In July, 1916, the committee published a most interesting memorandum on experiments in the relation of output to hours. In one case the output was increased eight percent by reducing the weekly hours from sixty-eight to fifty-nine, and it was found that a decrease to fifty-six hours per week gave the same output as fifty-nine. It need hardly be said that there was no change in machinery, tools, raw material or workers. All elements except hours of work were identical. Twenty-seven workers doing very heavy work increased their output ten percent by cutting weekly hours from sixty-one to fifty-five.
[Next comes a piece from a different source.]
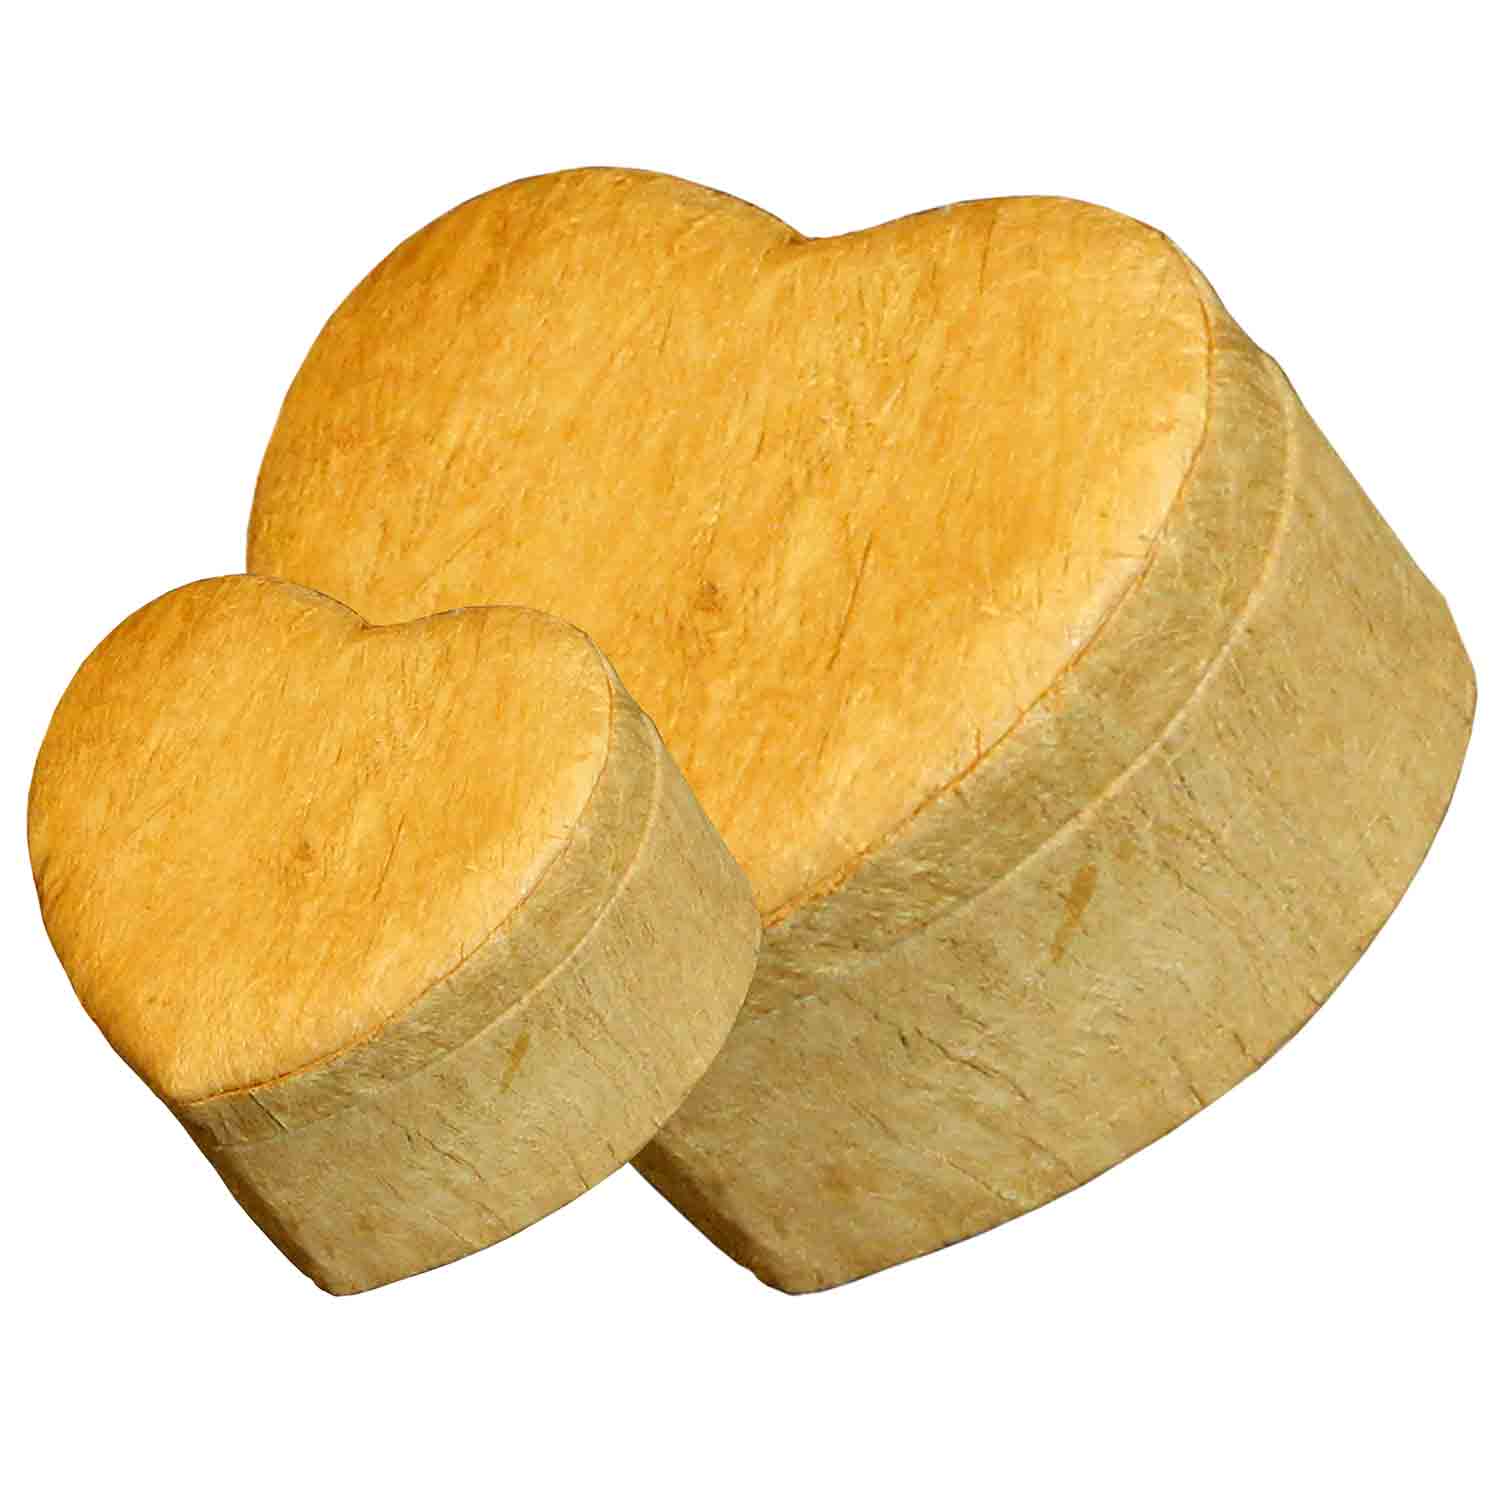 Heart Shaped Biodegradable Urn for Ashes in Wood Grain Small Comparison

In a munition plant employing thirty-six thousand hands it was found that the sick rate ranged from five to eight percent when the employees were working overtime, and was only three percent when they were on a double shift.
The war has forced Great Britain to carry out the findings of this committee and to consider more seriously than ever before, and for both men and women, the problem of industrial fatigue, the relation of accidents to hours of labor, industrial diseases, housing, transit, and industrial canteens. The munition worker is as important as the soldier and must have the best of care.
While the friction in the ranks of industrial women workers was still far from being adjusted, the government met its Waterloo in the contest with medical women. The service which they freely offered their country was at first sternly refused. Undaunted, they sought recognition outside the mother country. They knew their skill and they knew the soldiers' need. They turned to hospitable France, and received official recognition. On December 14, 1914, the first hospital at the front under British medical women was opened in Abbaye Royaumont, near Creil. It carries the official designation, "Hôpital Auxiliaire 301." The doctors, the nurses, the cooks, are all women. One of the capable chauffeurs I saw running the ambulance when I was in Creil. She was getting the wounded as they came down from the front. The French Government appreciated what the women were doing and urged them to give more help. At Troyes another unit gave the French army its first experience of nursing under canvas.